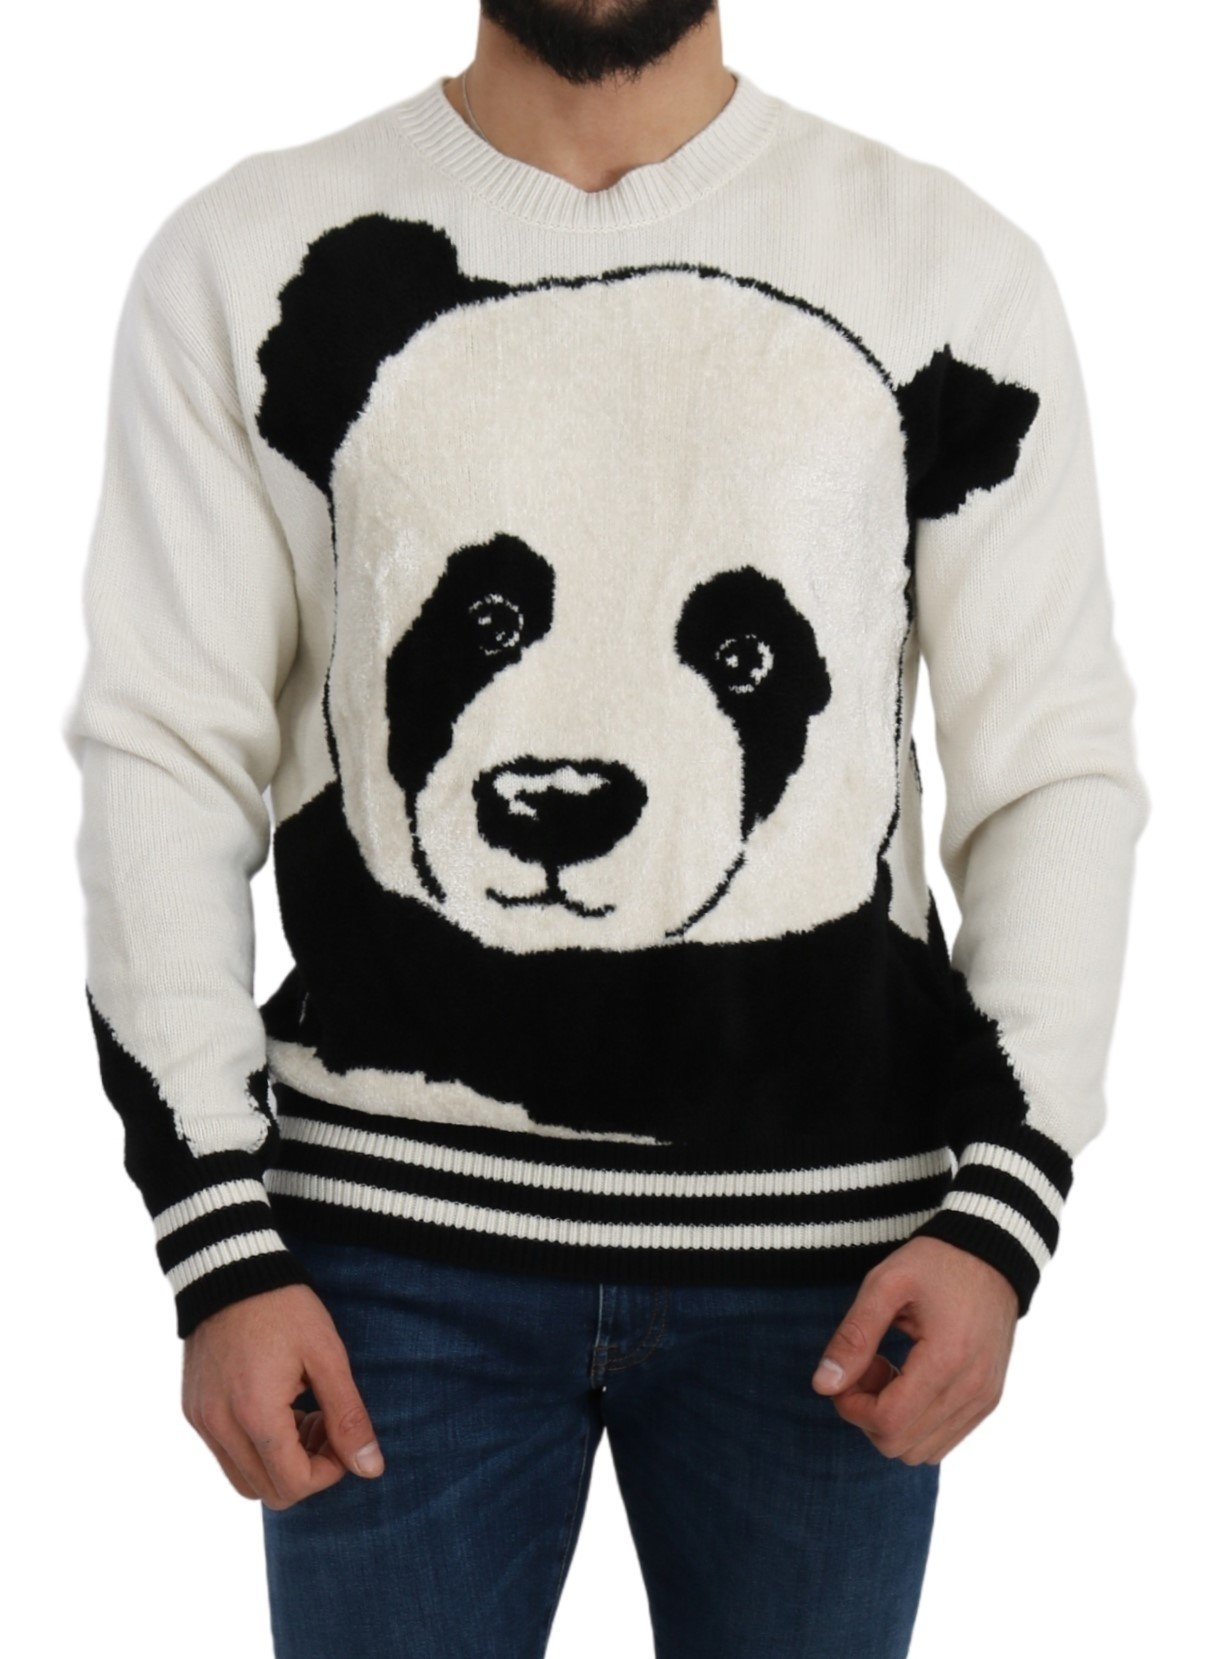 Dolce & Gabbana Men's Cashmere Panda Knit Sweater White TSH5210 - IT48 | M
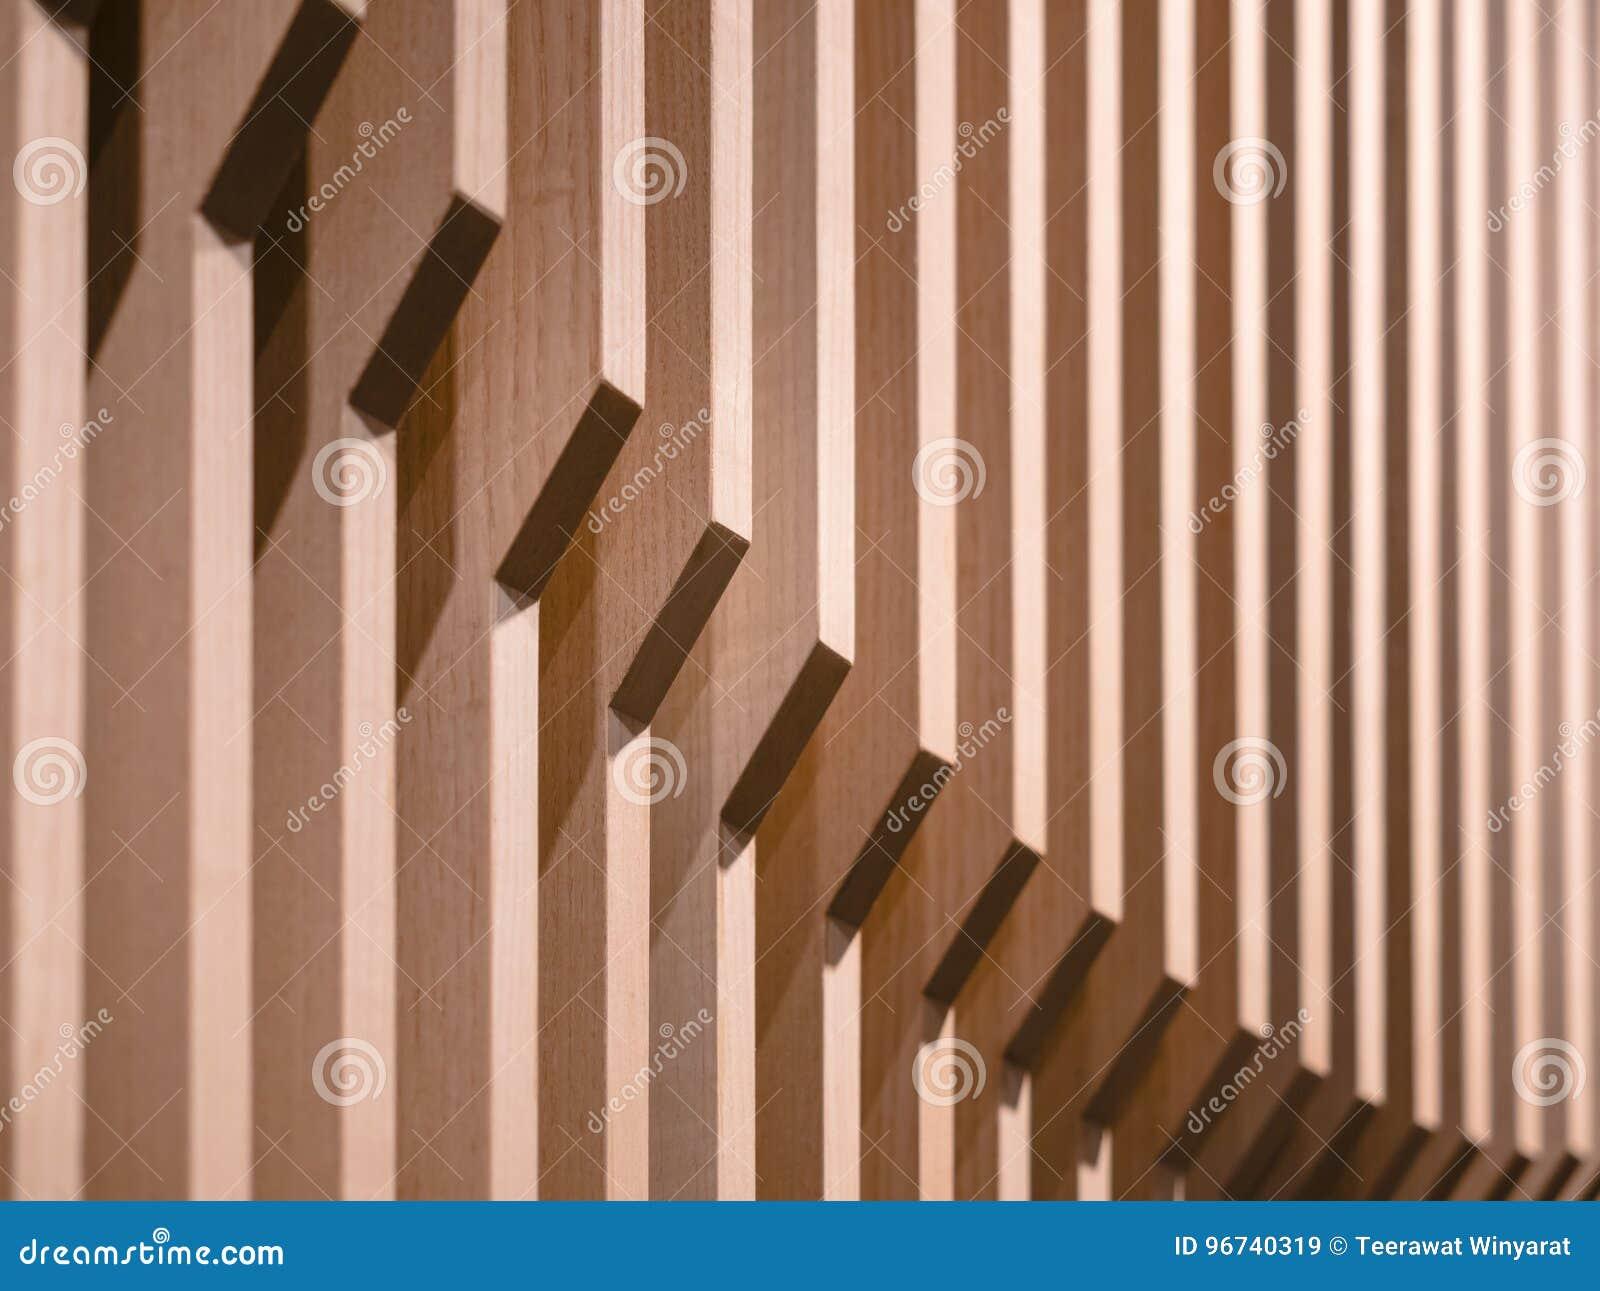 Architecture details Wooden wall pattern design
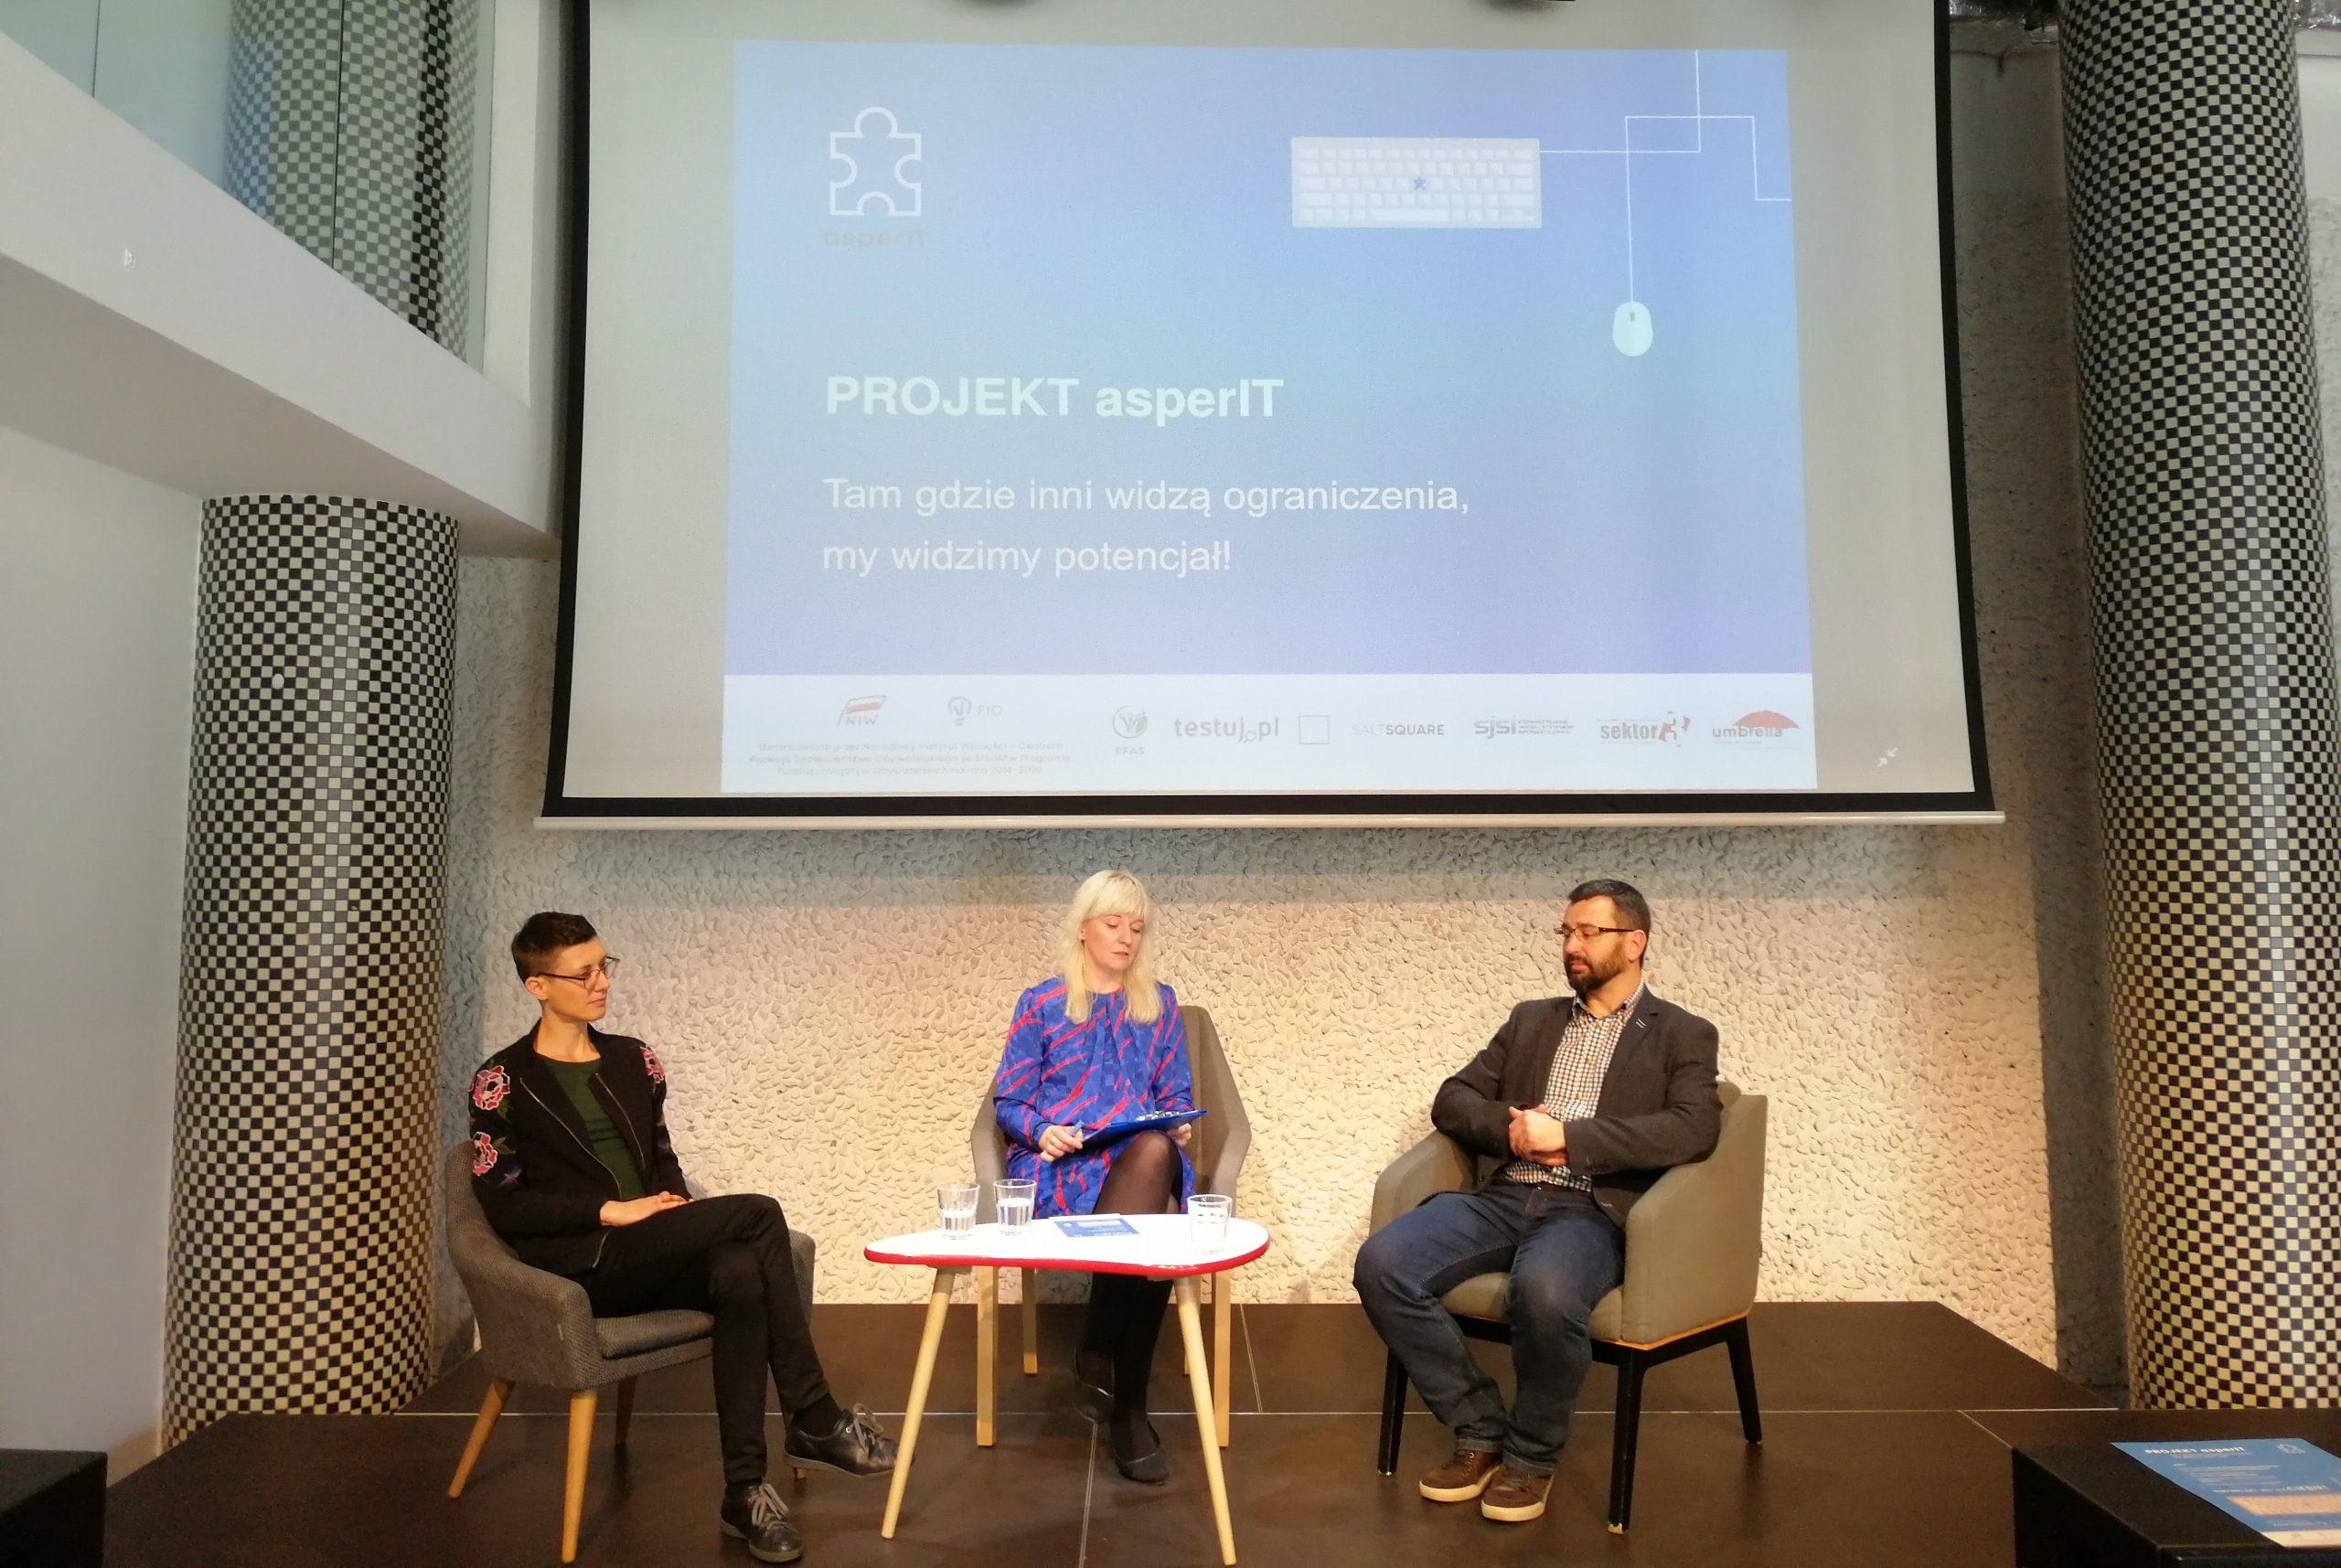 asperIT press conference – inauguration of the second edition

_WORK ITEM_. Copy out all the data exactly; skip the pictures.

_SOLVED PROBLEM_.
 Dolce & Gabbana Men's Cashmere Panda Knit Sweater White TSH5210 - IT48 | M
 Architecture details Wooden wall pattern design
 asperIT press conference – inauguration of the second edition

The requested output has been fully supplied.